您在问题中显示的数学直到最后都是绝对正确的。正是在那里,您错过了一个步骤 - 结果仍然处于预乘 Alpha 模式,并且必须“未相乘”回到 PixelFormat32bppARGB 格式。乘法的反面是除法,因此:
您已经表达了对除法可能会产生严重超出范围的结果的担忧,但这不会发生。如果您进行数学计算,您会发现由于预乘步骤的原因,红色、绿色和蓝色值不能大于 alpha 值。如果您使用的过滤器比简单的框模糊更复杂,则可能是这样,但即使您不使用 Alpha,情况也会如此!正确的反应是限制结果,将负数转为 0,将大于 255 的任何值转为 255。
tkerwin has already provided the correct answer, but it seems to need further explanation.

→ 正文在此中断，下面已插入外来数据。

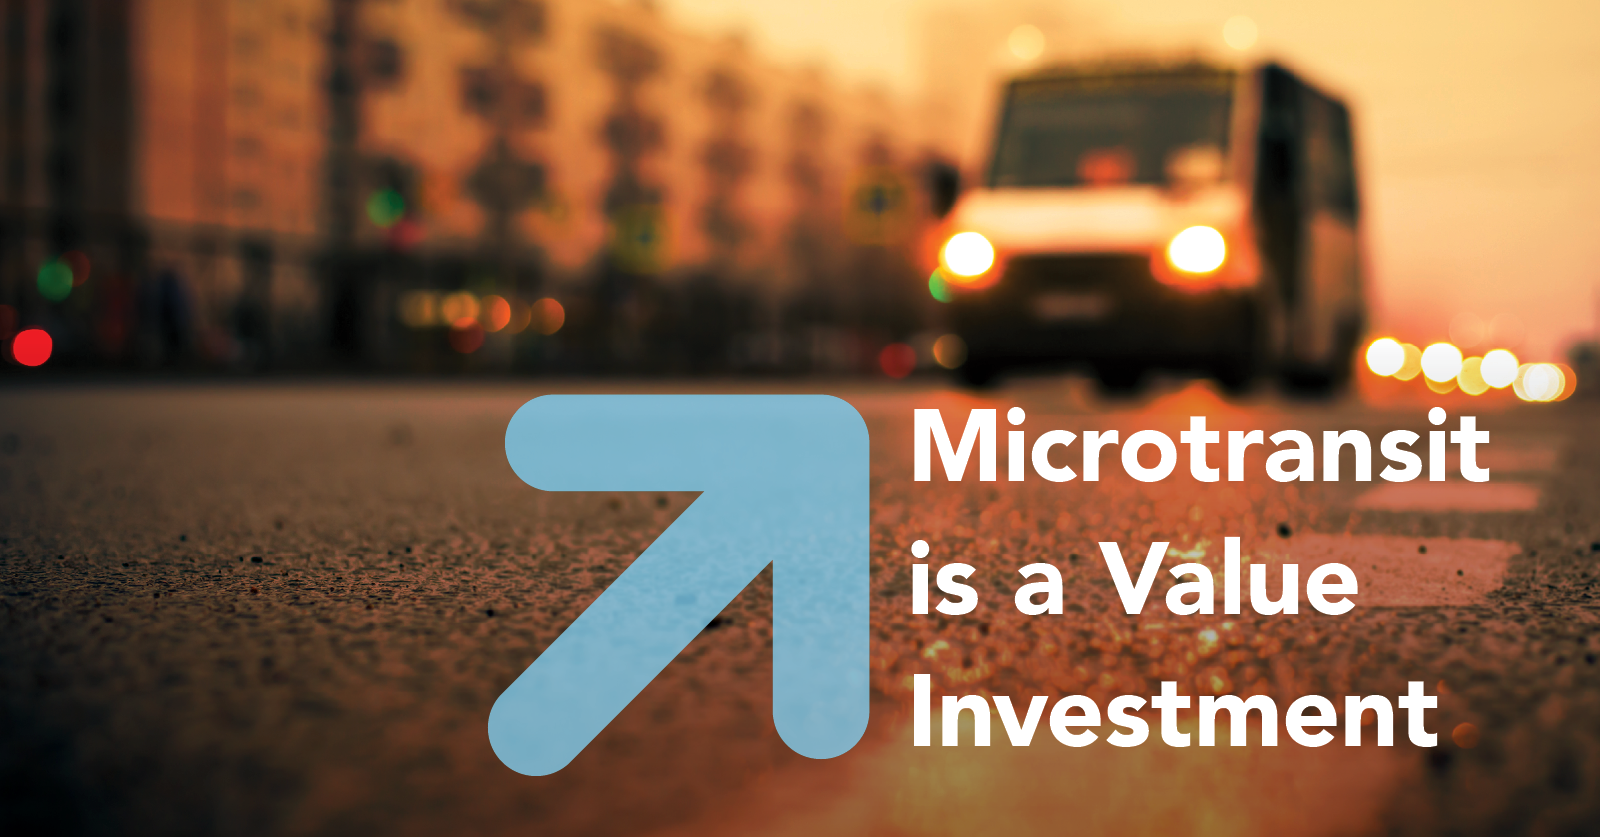 Microtransit is a value investment

The math you've shown in your question is absolutely correct, right up until the end. It is there that you're missing a step - the results are still in a pre-multiplied alpha mode, and must be "unmultiplied" back to the PixelFormat32bppARGB format. The opposite of a multiply is a divide, thus:
You've expressed a concern that the divide might create a result that is wildly out of range, but that won't happen. If you trace the math, you'll notice that the red, green, and blue values can't be greater than the alpha value, because of the pre-multiplication step. If you were using a more complicated filter than a simple box blur it might be a possibility, but that would be the case even if you weren't using alpha! The correct response is to clamp the result, turning negative numbers into 0 and anything greater than 255 into 255.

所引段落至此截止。